Napster puts music library on web

The move is intended to open up the service and attract more paying subscribers by making the Napster platform more flexible and compatible with any internet-enabled device.

Before now most Napster subscribers could only listen to their music after downloading the Napster software on to their PCs. “With this new platform Napster can easily be integrated into consumer electronics devices or integrated into other websites such as social networking sites,” says Christopher Allen, chief operating officer at Napster.

Napster sells a subscription service for $10 to $15 a month where users can stream or download an unlimited number of songs from its five million-strong library. But Napster’s and other music subscription services have so far lagged behind larger rival iTunes, which uses a more traditional buy-to-own model. iTunes sells songs as permanent downloads at 99 cents each, or 79p in the UK.

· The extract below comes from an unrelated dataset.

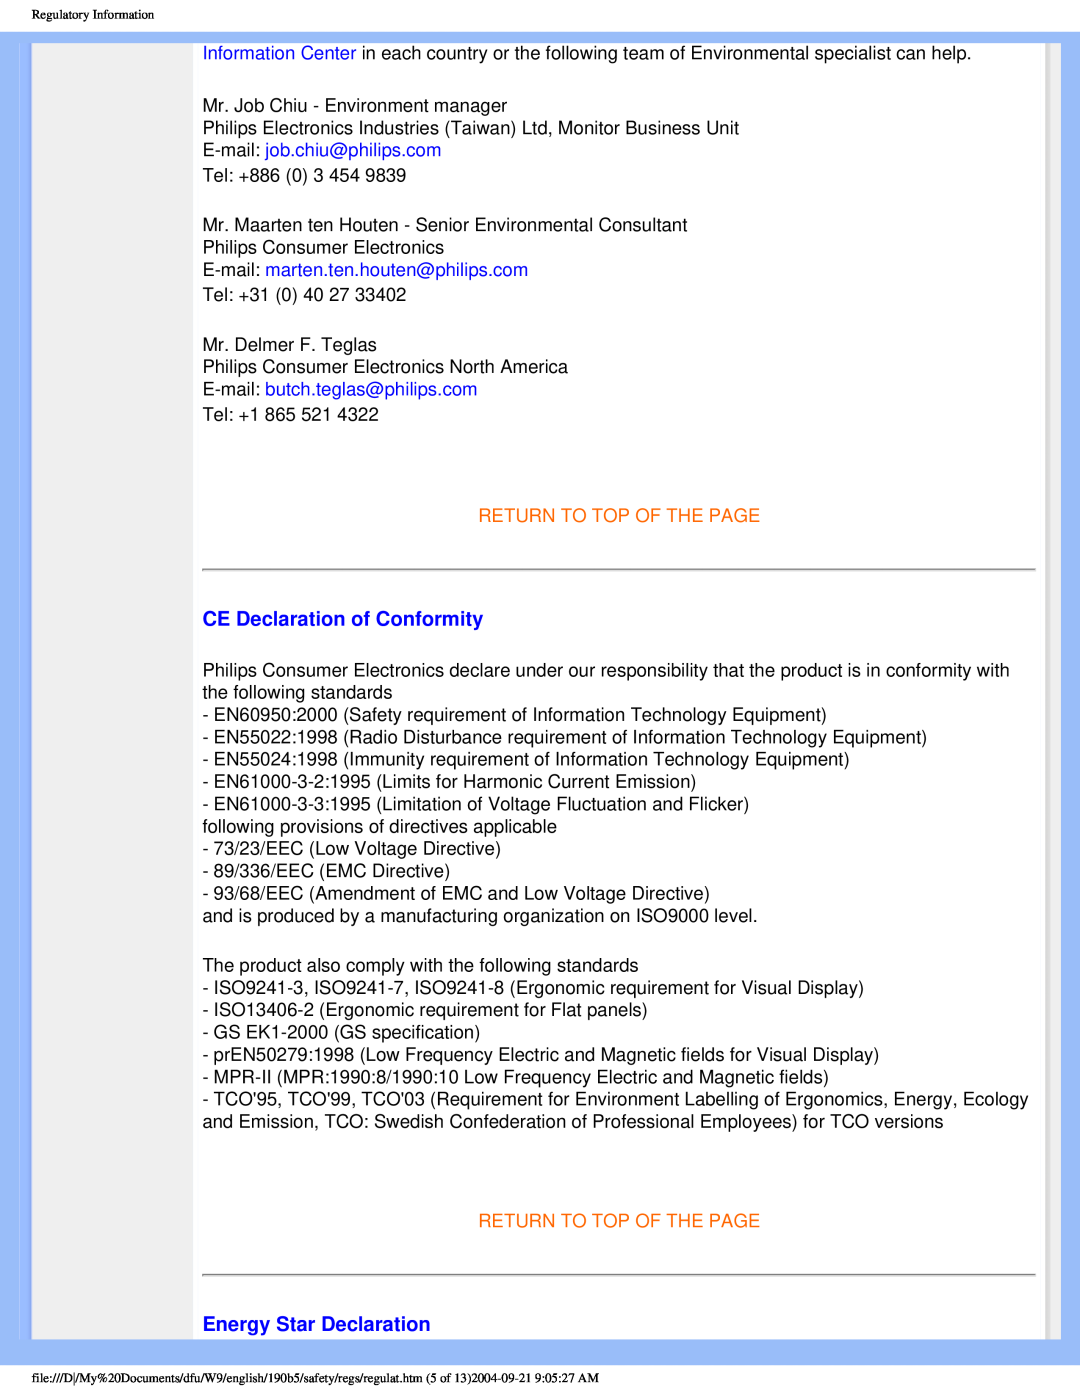 Philips 190b5 user manual CE Declaration of Conformity, Energy Star Declaration, E-mail job.chiu@philips.com

Allen claims Napster is getting set for a turning point in the digital music industry in 2008, as major record companies make more music available without DRM. He forecast that, by the end of next year, the unprotected MP3 digital format will have become standard with major music companies and retailers. So far, only Universal Music Group and EMI Group have been selling music without DRM.

“When you can take the same tracks you purchased on Napster or other services and play them on your iPod or mobile phone, it will help to increase the exposure and the value of subscription services as the market opens up,” Allen says.

Napster says it has 770,000 subscribers.